* Material provided:
┄┄┄┄┄┄┄┄┄┄

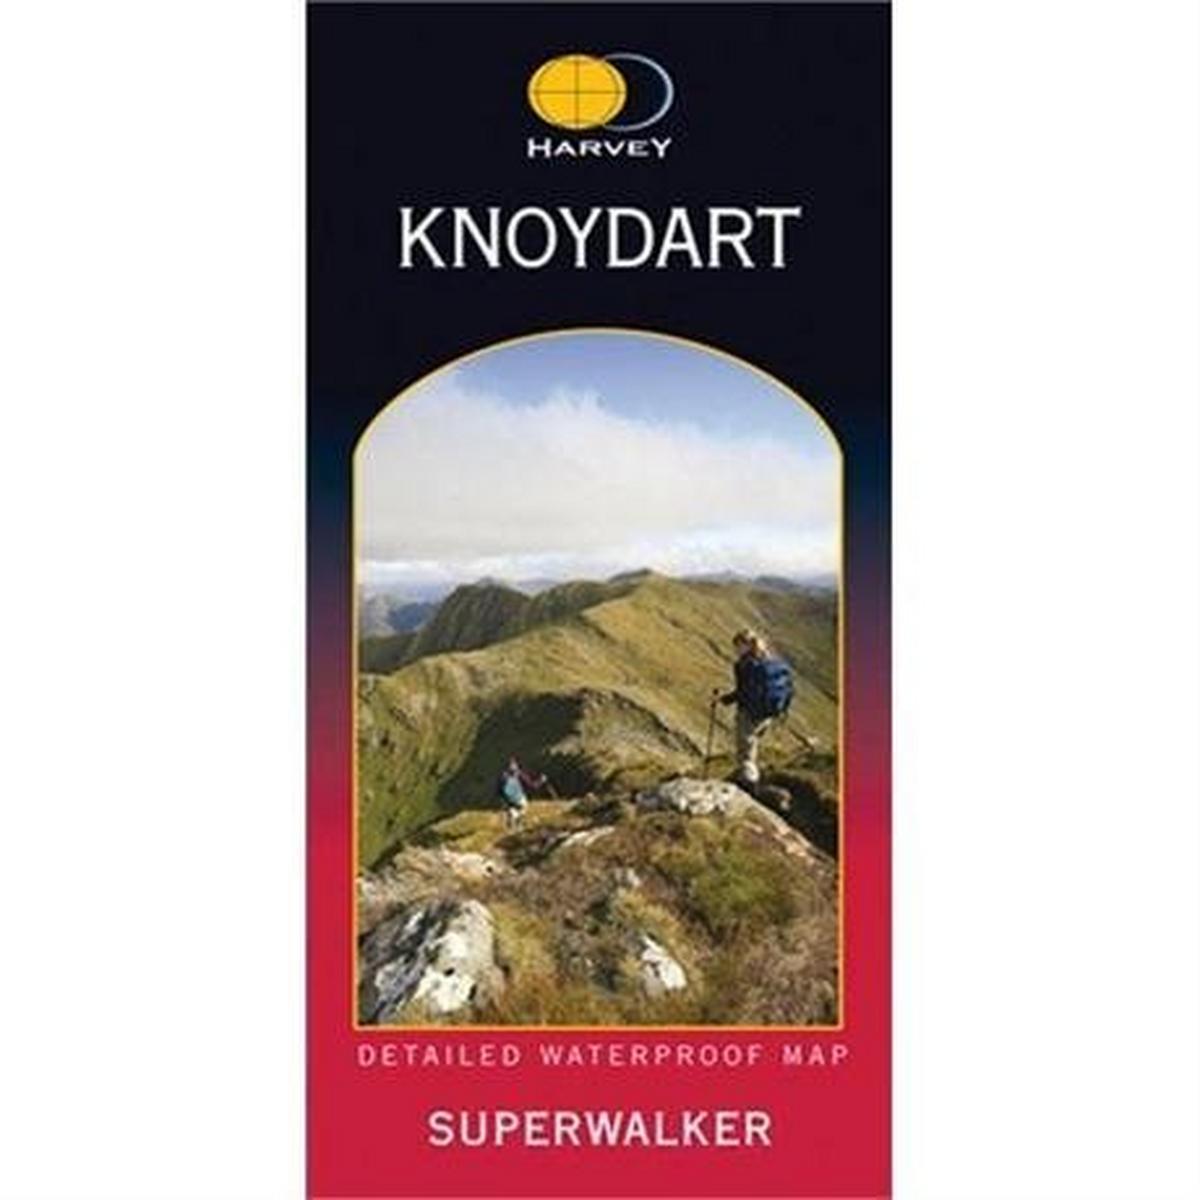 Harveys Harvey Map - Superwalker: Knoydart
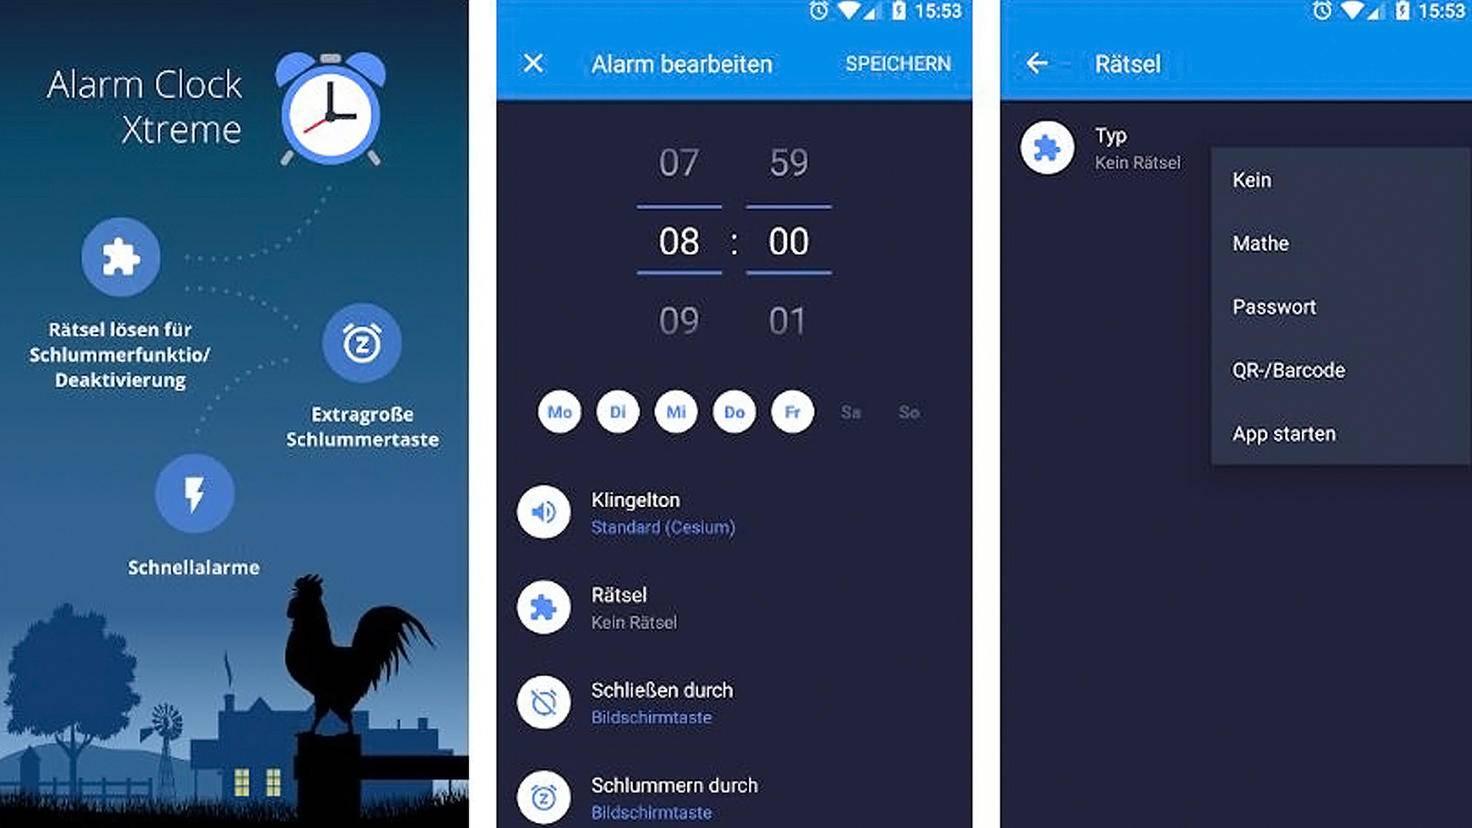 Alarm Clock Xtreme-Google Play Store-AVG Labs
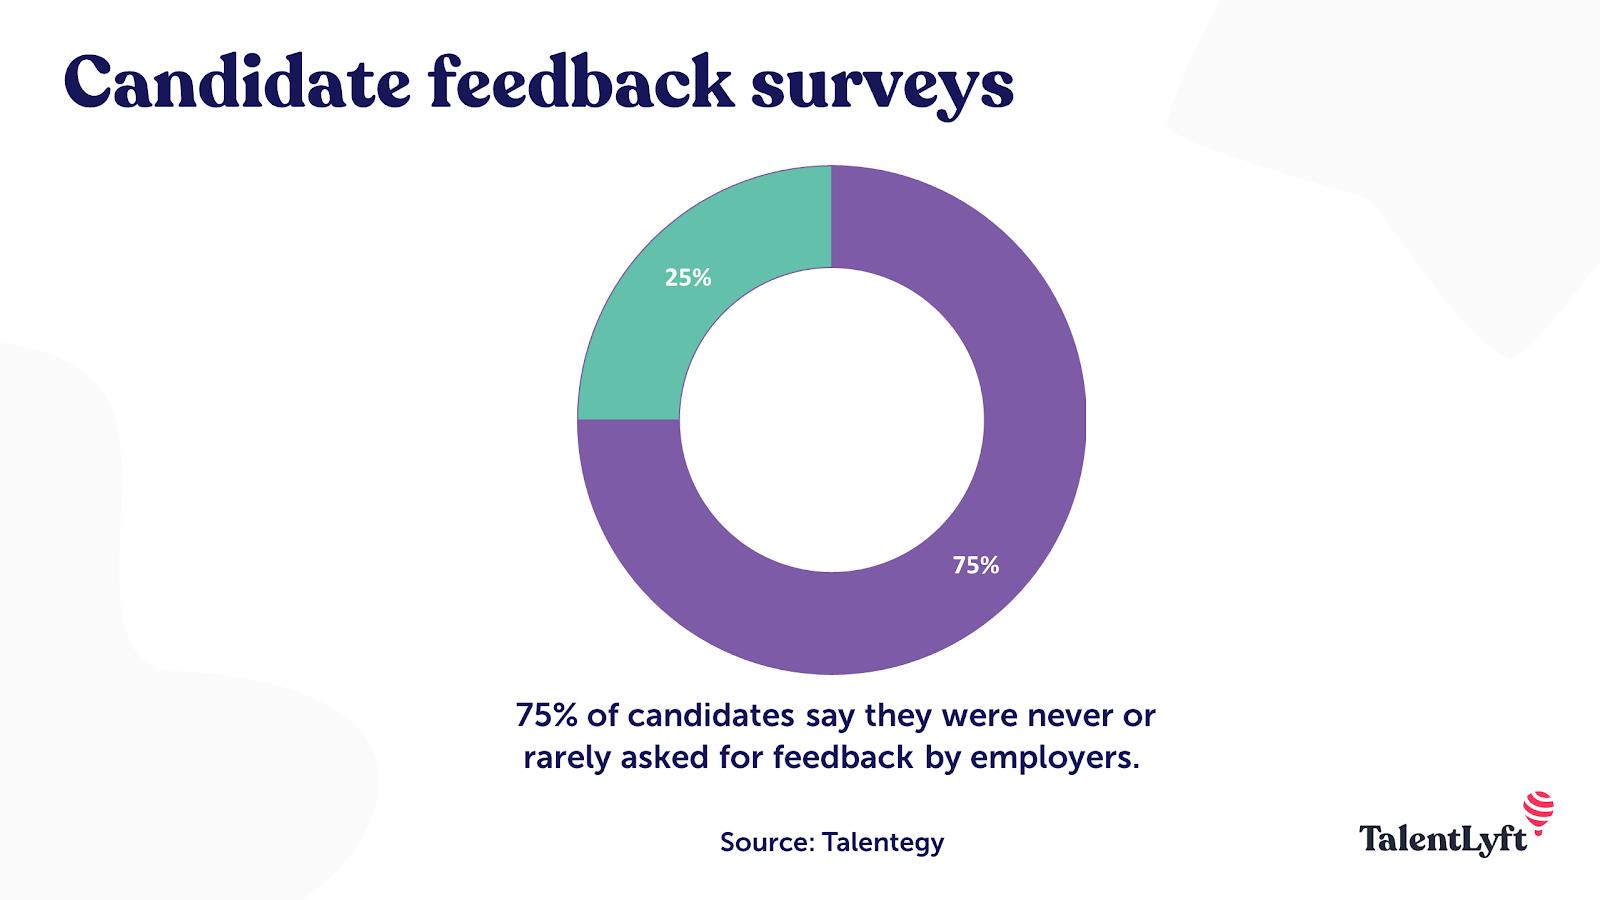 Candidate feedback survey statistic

┄┄┄┄┄┄┄┄┄┄

* Problem requirements:
Exact copy, pictures removed: set down the whole listing above.

* Answer for the task:
 Harveys Harvey Map - Superwalker: Knoydart
 Alarm Clock Xtreme-Google Play Store-AVG Labs
 Candidate feedback survey statistic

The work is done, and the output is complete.